Ferguson Andrew L
Department of Materials Science and Engineering, University of Illinois at Urbana-Champaign, 1304 West Green Street, Urbana, IL 61801, United States of America. Department of Chemical and Biomolecular Engineering, University of Illinois at Urbana-Champaign, 600 South Mathews Avenue, Urbana, IL 61801, United States of America. Department of Physics, University of Illinois at Urbana-Champaign, 1110 West Green Street, Urbana, IL 61801, United States of America. Frederick Seitz Materials Research Laboratory, University of Illinois at Urbana-Champaign, Urbana, IL 61801, United States of America. Beckman Institute for Advanced Science and Technology, University of Illinois at Urbana-Champaign, Urbana, IL 61801, United States of America.
J Phys Condens Matter. 2018 Jan 31;30(4):043002. doi: 10.1088/1361-648X/aa98bd.
In many branches of materials science it is now routine to generate data sets of such large size and dimensionality that conventional methods of analysis fail.

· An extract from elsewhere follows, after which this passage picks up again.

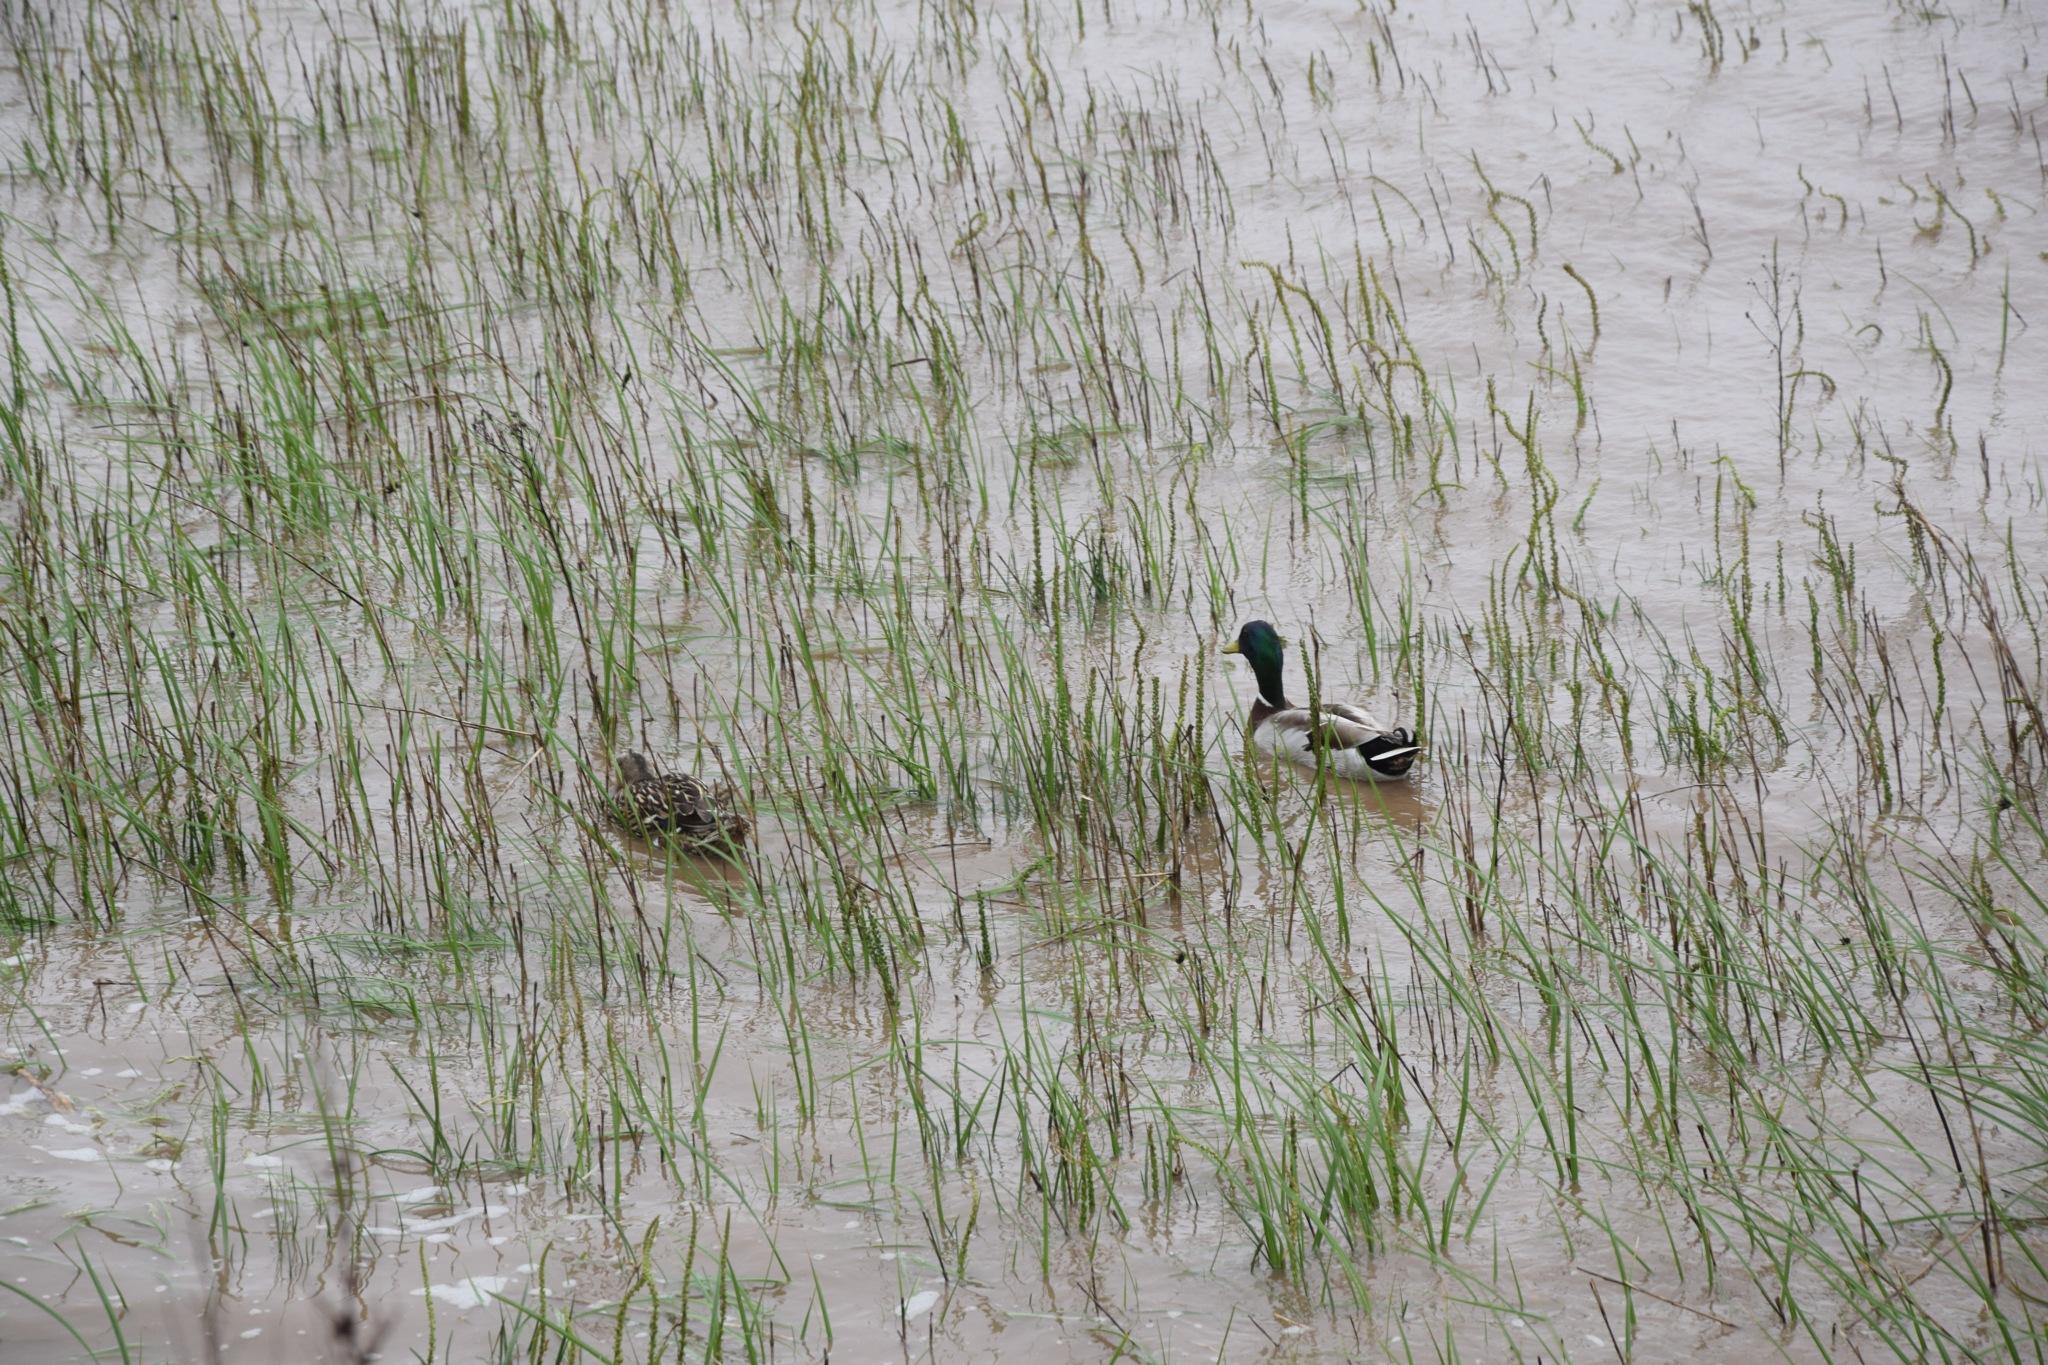 Ducks on the River Humber by GraemeLeePollard

Paradigms and tools from data science and machine learning can provide scalable approaches to identify and extract trends and patterns within voluminous data sets, perform guided traversals of high-dimensional phase spaces, and furnish data-driven strategies for inverse materials design. This topical review provides an accessible introduction to machine learning tools in the context of soft and biological materials by 'de-jargonizing' data science terminology, presenting a taxonomy of machine learning techniques, and surveying the mathematical underpinnings and software implementations of popular tools, including principal component analysis, independent component analysis, diffusion maps, support vector machines, and relative entropy. We present illustrative examples of machine learning applications in soft matter, including inverse design of self-assembling materials, nonlinear learning of protein folding landscapes, high-throughput antimicrobial peptide design, and data-driven materials design engines. We close with an outlook on the challenges and opportunities for the field.
在材料科学的许多分支中,如今生成如此大尺寸和维度的数据集已成为常规操作,以至于传统分析方法失效。数据科学和机器学习的范式与工具能够提供可扩展的方法,以识别和提取大量数据集中的趋势与模式,在高维相空间中进行有指导的遍历,并为逆材料设计提供数据驱动的策略。本专题综述通过消除数据科学术语的行话、呈现机器学习技术的分类法以及概述包括主成分分析、独立成分分析、扩散映射、支持向量机和相对熵在内的常用工具的数学基础和软件实现,对软材料和生物材料领域中的机器学习工具进行了通俗易懂的介绍。我们展示了机器学习在软物质中的应用示例,包括自组装材料的逆设计、蛋白质折叠景观的非线性学习、高通量抗菌肽设计以及数据驱动的材料设计引擎。我们以对该领域的挑战与机遇的展望作为结尾。